§ Work instruction
Reproduce exactly the lines of this material that begin at the line with "Dunedin-CyclistsTakeTurns copy.jpg" and end at the line with "a Couple walking", both included. Omit the pictures and everything else.

§ Data shown
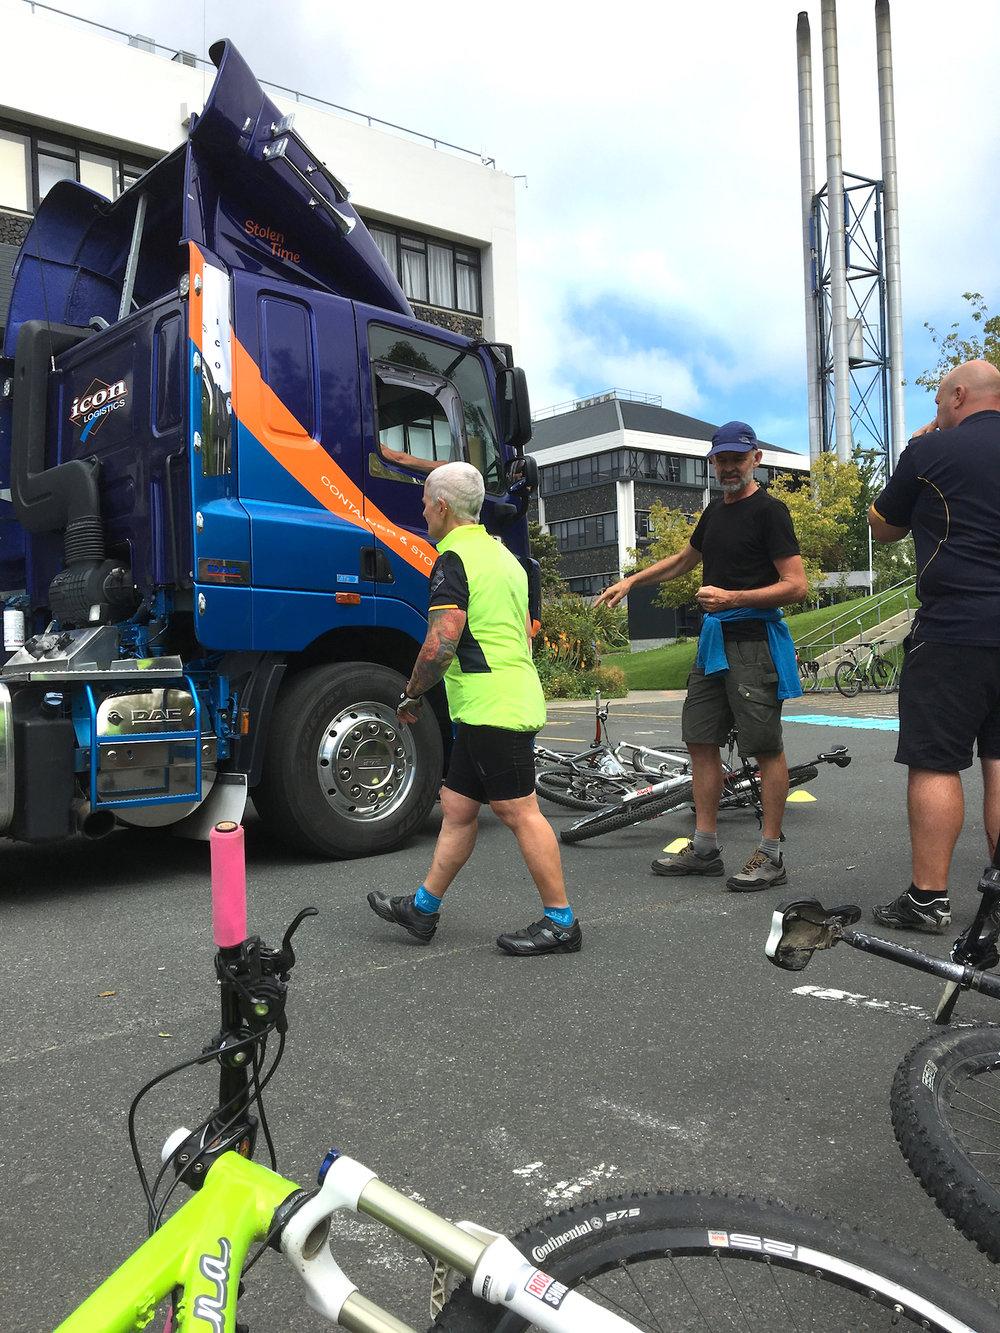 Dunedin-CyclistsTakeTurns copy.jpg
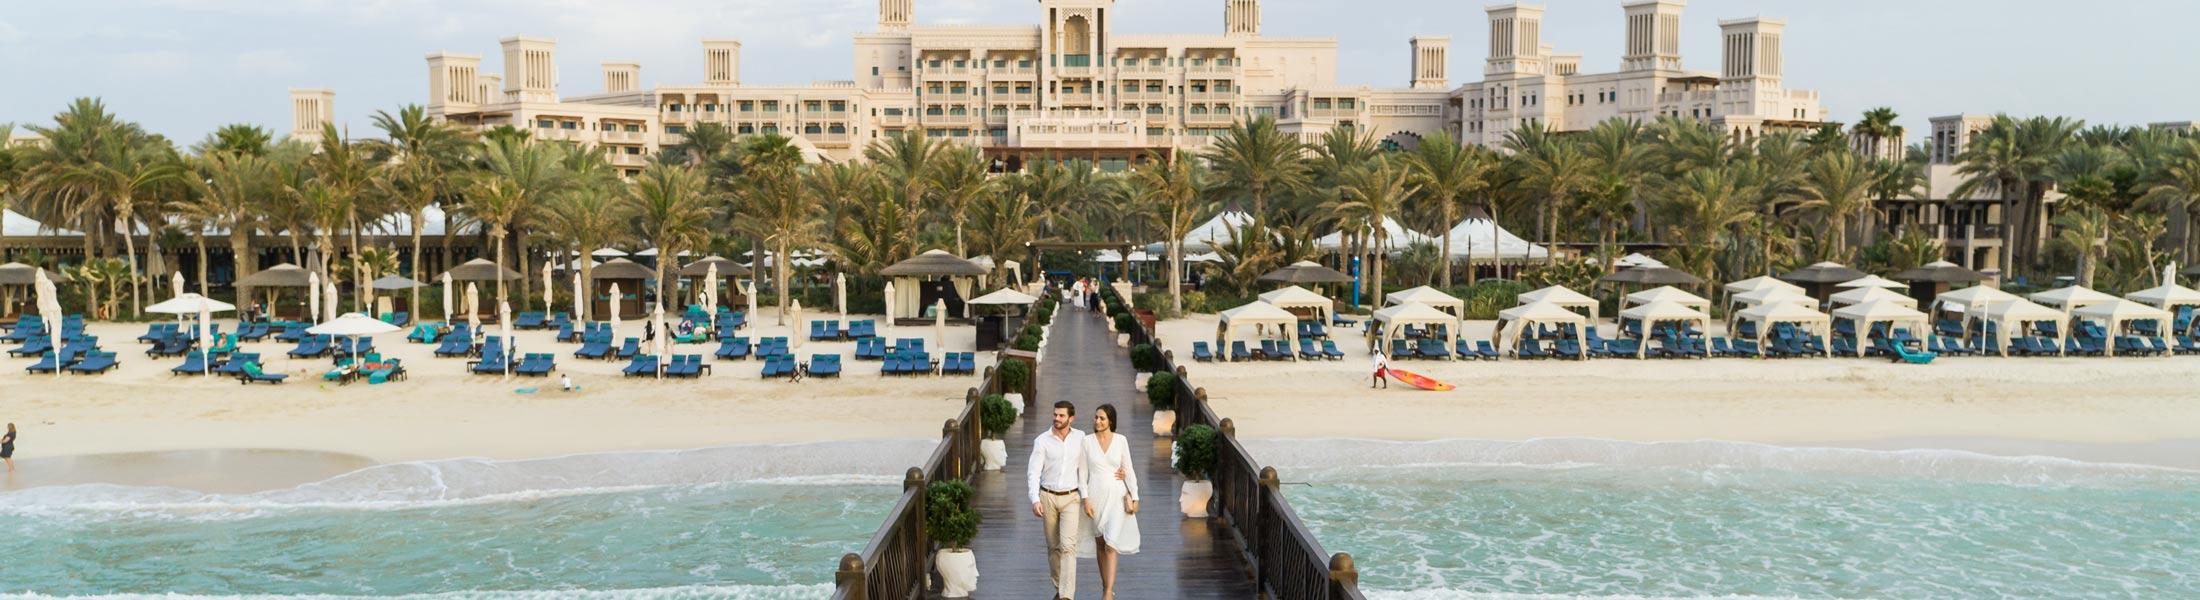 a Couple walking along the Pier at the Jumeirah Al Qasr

--

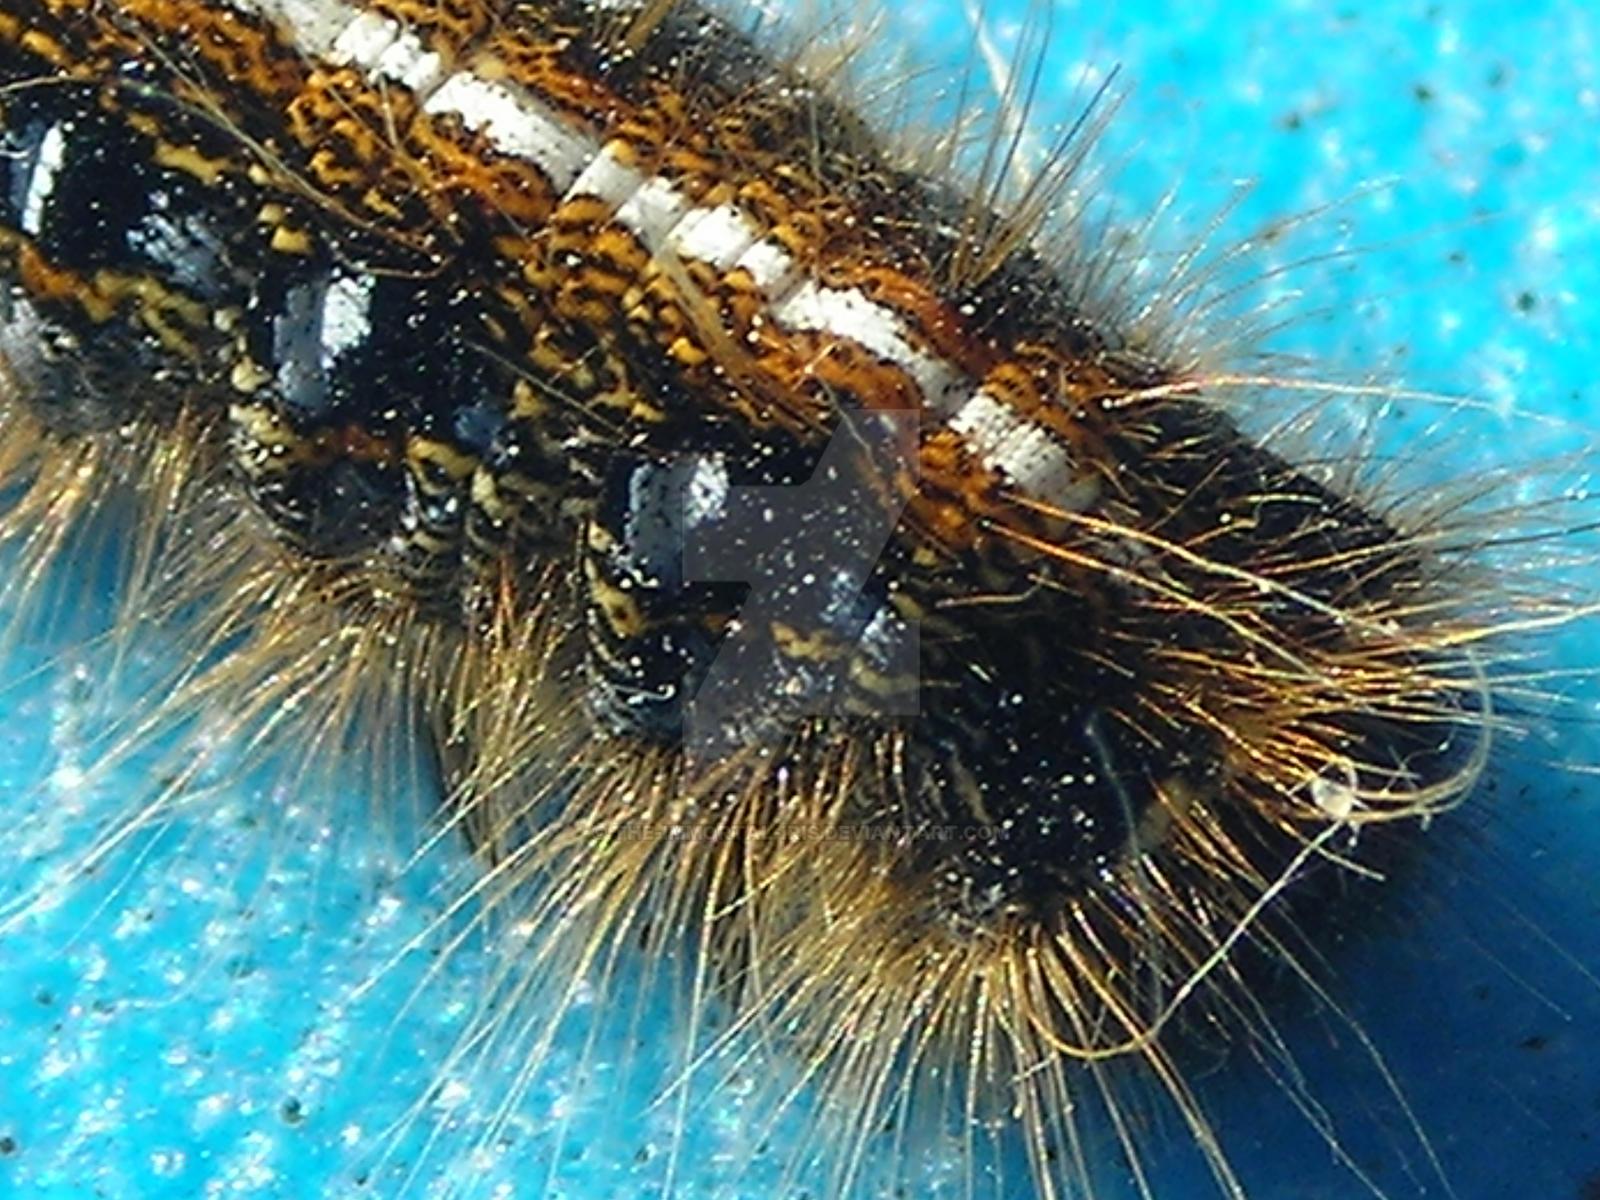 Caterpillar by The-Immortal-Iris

§ Response area
 Dunedin-CyclistsTakeTurns copy.jpg
 a Couple walking along the Pier at the Jumeirah Al Qasr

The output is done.